Estando dispensado das regras de contratação pública, o Estado português não esteve limitado por um caderno de encargos, refere Pedro Coutinho, o que lhe dava margem legal para negociar os montantes. De todo o modo, o professor universitário alerta que é preciso resistir a análises simplistas. Por exemplo, pequenas mudanças que venham a ser solicitadas podem levar o fabricante a fazer "alterações dispendiosas" com reflexo no preço.

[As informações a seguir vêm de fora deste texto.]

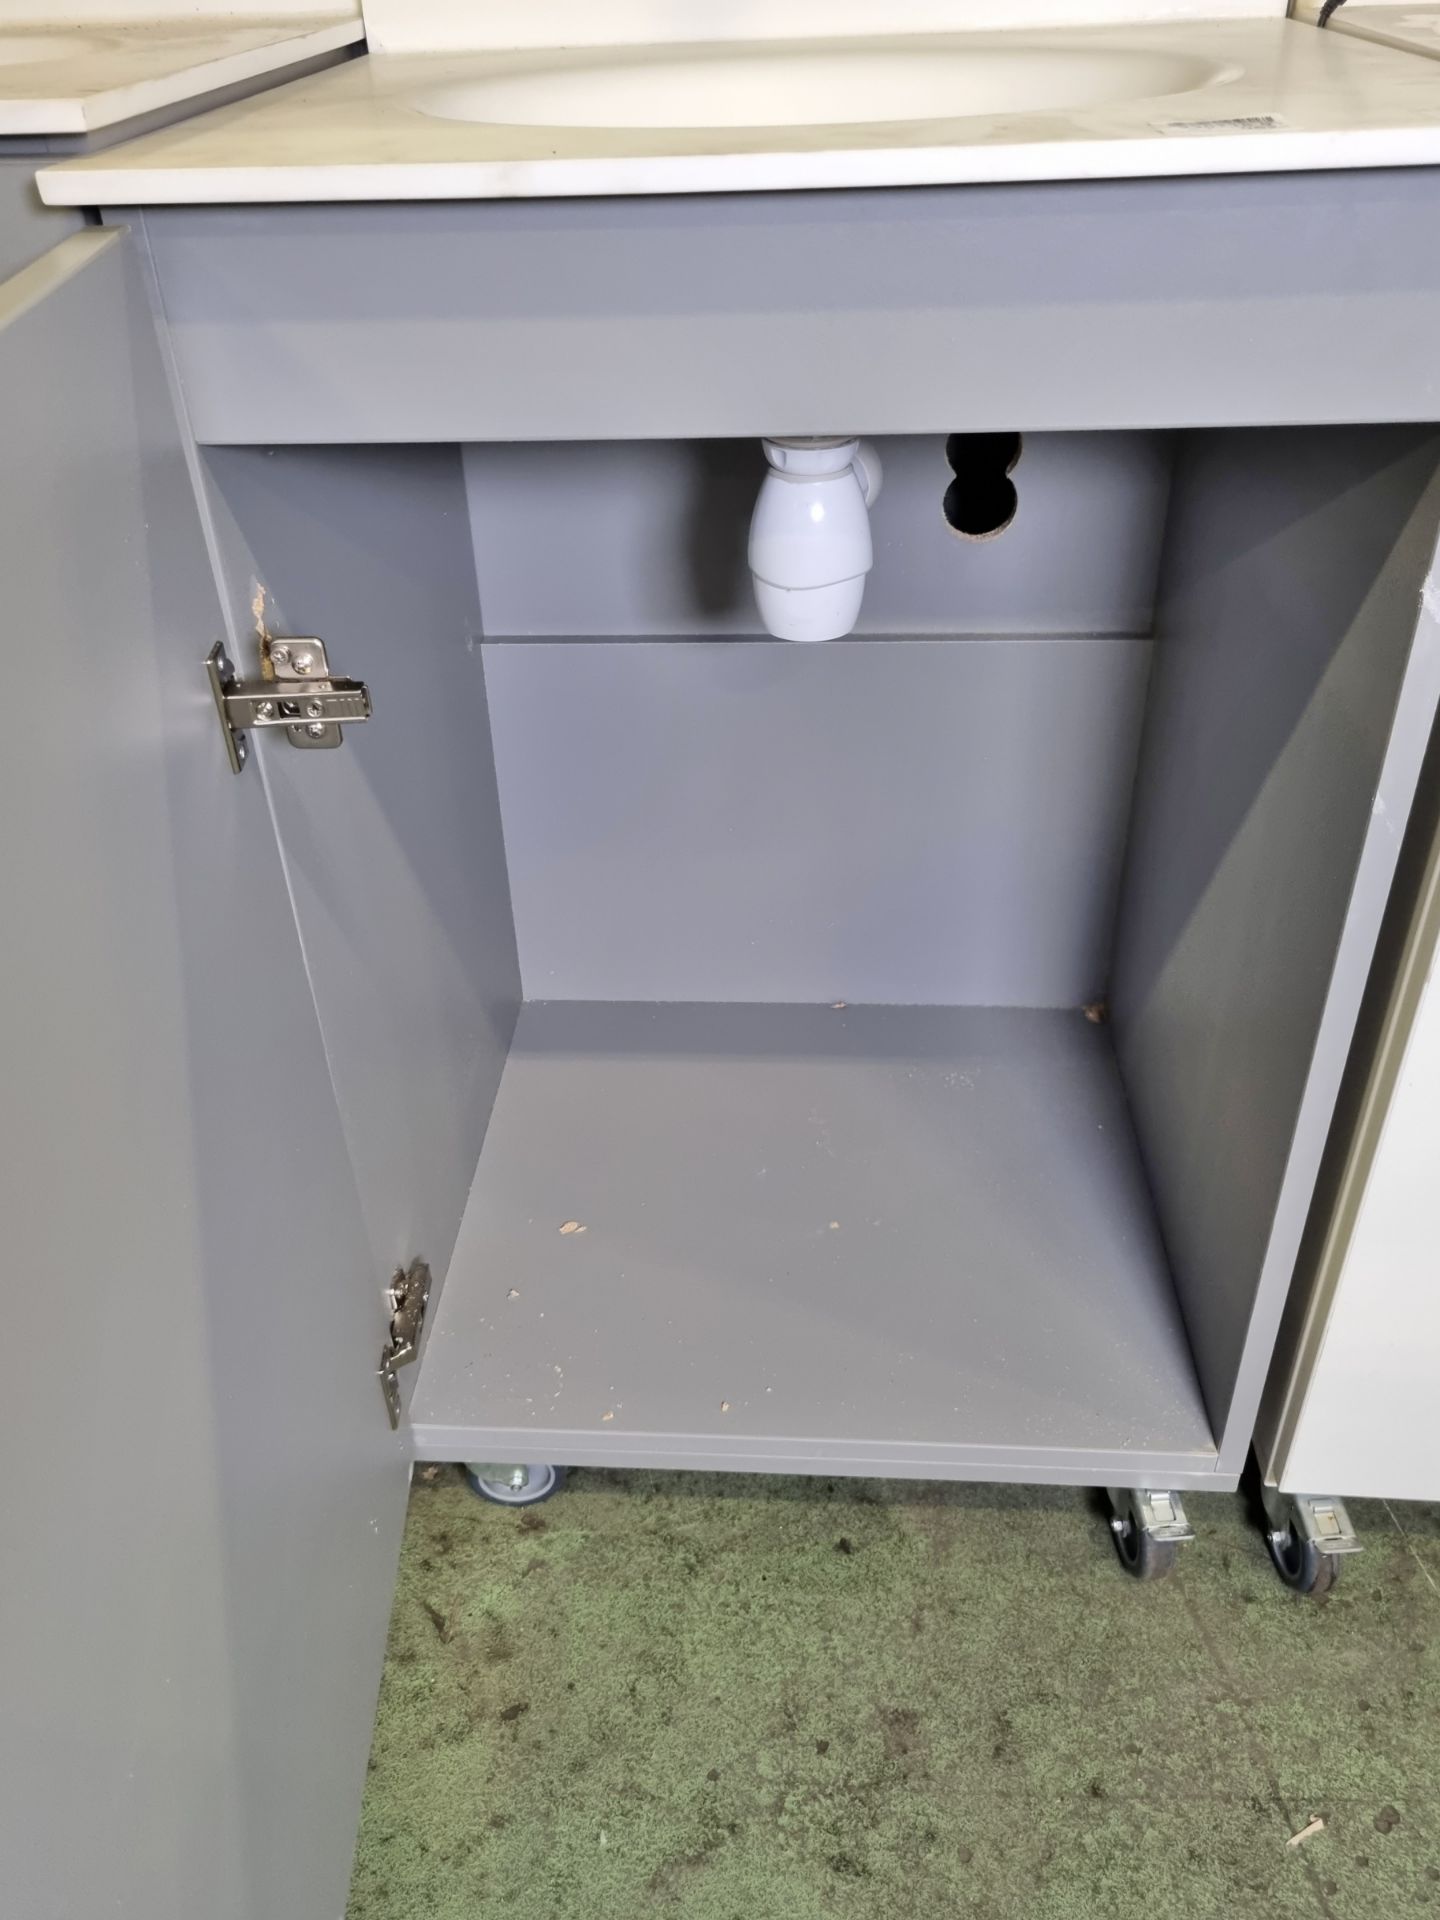 Portable hand wash station with under counter storage & Armitage Shanks mixer tap - Bild 3 aus 4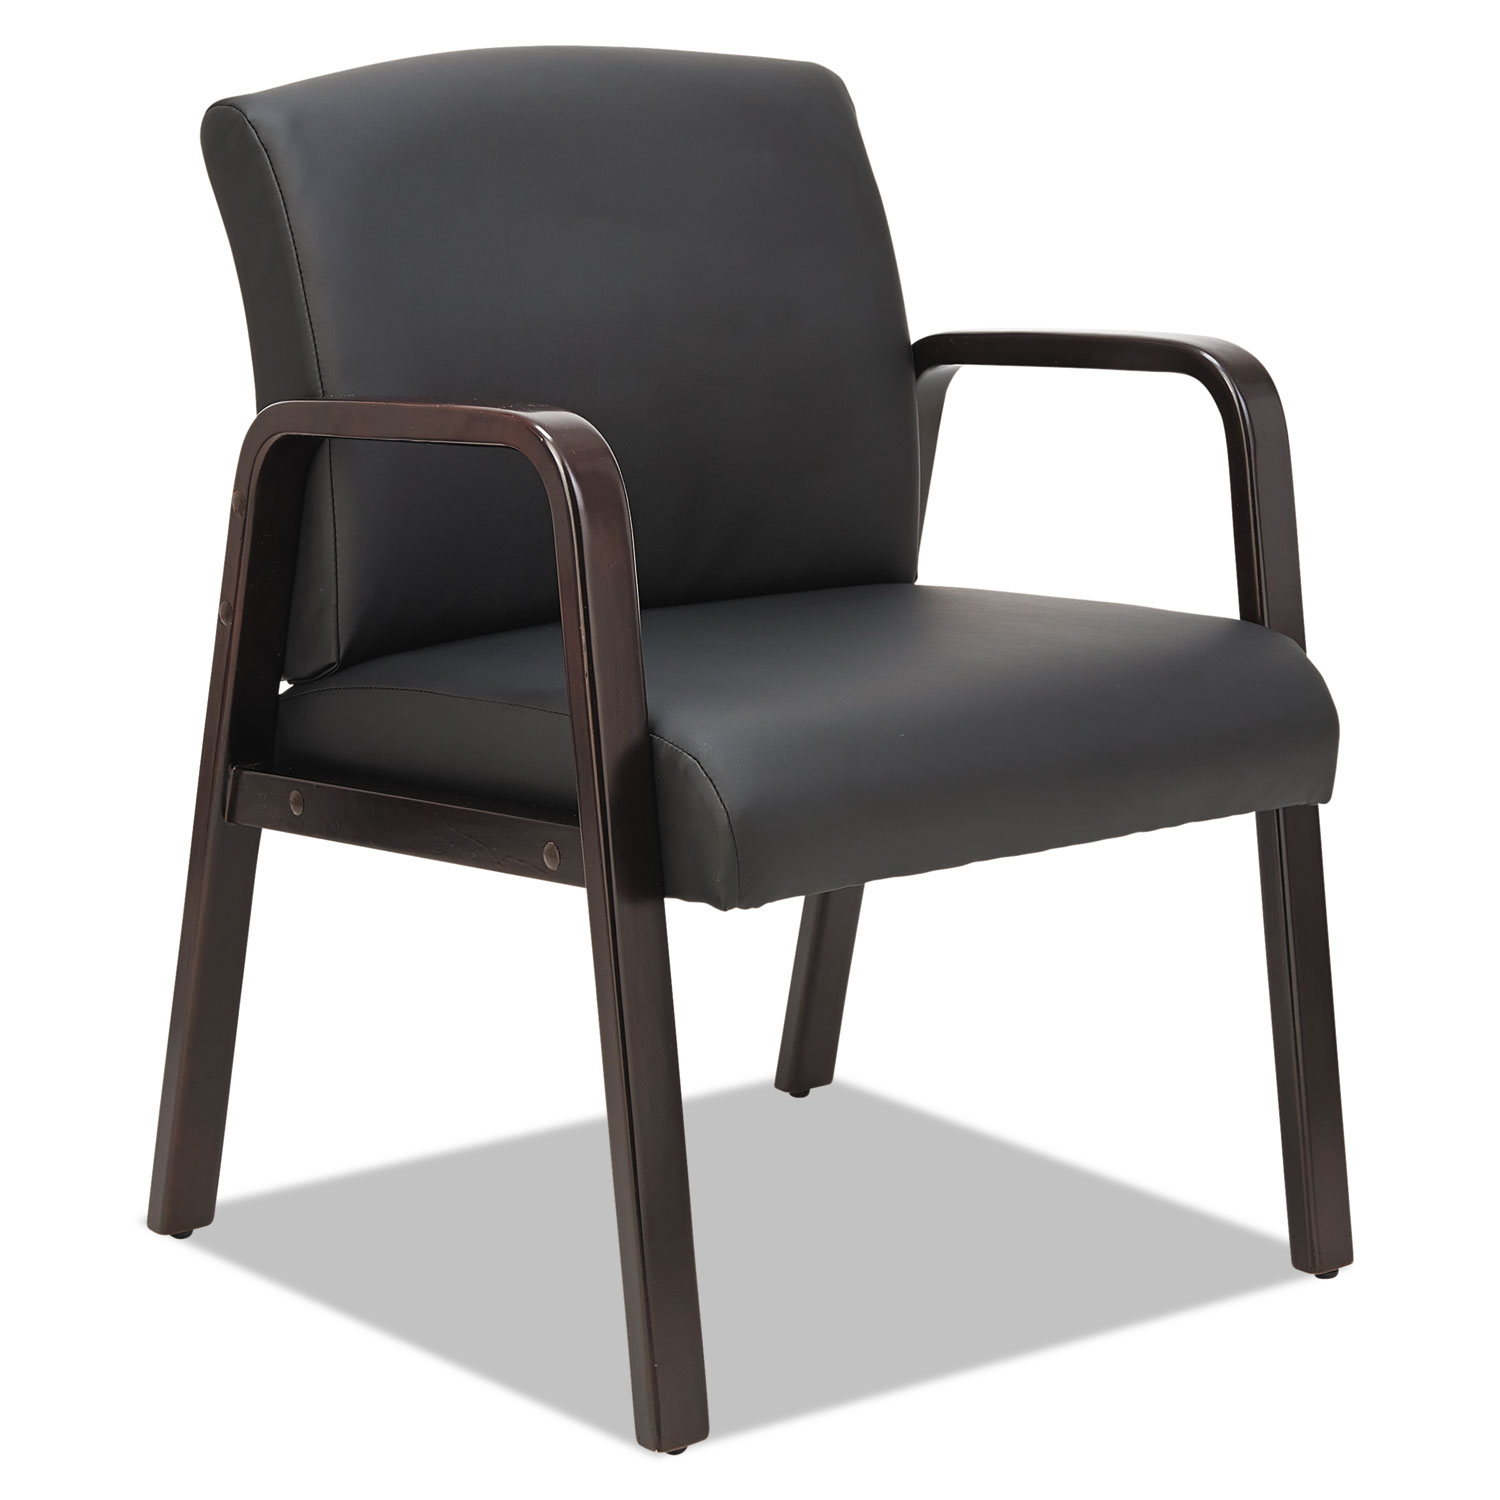  Alera ALERL4319E Alera Reception Lounge WL Series Guest Chair, 23.81'' x 25.37'' x 32.67'', Black Seat/Black Back, Espresso Base (ALERL4319E)

O docente, que tem estudado especificamente a contratação pública no setor da Defesa, frisa igualmente que qualquer fornecedor fixa as quantias a receber a partir de variáveis como a estratégia comercial, os custos de produção ou o volume de trabalho.

Um precedente histórico recente ilustrativo desta situação verificou-se em 2024, quando a Indonésia comprou à Fincantieri duas fragatas da classe PPA por 1,18 mil milhões de euros, as quais estavam em construção e até se destinavam, inicialmente, à frota italiana. No ano seguinte, Roma assinou um contrato com os seus estaleiros nacionais para substituir as duas unidades desviadas para Jacarta, tendo desembolsado, nessa ocasião, uma quantia inferior: 700 milhões de euros no total. A diferença serviu para os fabricantes cobrirem a reconfiguração dos sistemas de combate, retirados do padrão NATO, a alteração de radares e o desvio da linha de produção.

Imagem concetual da fragata FREMM EVO de fabrico italiano
Imagem concetual da fragata FREMM EVO de fabrico italiano Cortesia da Fincantieri via OCCAR

O pacote português de 3,9 mil milhões de euros abrange o armamento de base integrado nos navios e a sustentação dos mesmos, incluindo os sobresselentes (peças de reserva) e a primeira grande manutenção calendarizada para 2035. O programa nacional prevê ainda, em contratos separados, a aquisição de mísseis, bem como a adaptação da Base Naval de Lisboa e a revitalização do Arsenal do Alfeite.

“Numa aquisição desta dimensão, o preço do navio é apenas uma parte da equação. O que deve ser comparado é o custo de gerar, operar e sustentar a capacidade ao longo de três décadas”, salienta António Brás Monteiro, que vê como “racional” a exclusão de novos helicópteros do contrato das fragatas FREMM EVO, até porque a frota de cinco helicópteros Lynx foi modernizada através de um programa de 69 milhões de euros.

“Com as novas fragatas previstas a partir de 2029 e os Lynx com vida útil até cerca de 2035, existe uma janela de transição que permite preparar atempadamente a capacidade aérea que lhes sucederá. Numa capacidade naval pensada para pelo menos 30 anos, o essencial é assegurar a continuidade da componente aérea orgânica ao longo de todo o ciclo de vida”, sustenta.

Do ponto de vista militar, Portugal dá um importante salto qualitativo e, pela primeira vez, terá valências em termos de defesa aérea e antimíssil. Mas para ser um sucesso, este programa de aquisição terá de ir além da dimensão financeira.

“O melhor retorno industrial de uma aquisição de Defesa não está apenas no dinheiro que regressa à economia. Está no conhecimento, na capacidade tecnológica e na autonomia de sustentação que permanecem no país durante os 30 anos de vida dos navios”, finaliza o perito, que coordena um estudo do NIAG sobre soluções mais eficientes para a defesa aérea e antimíssil.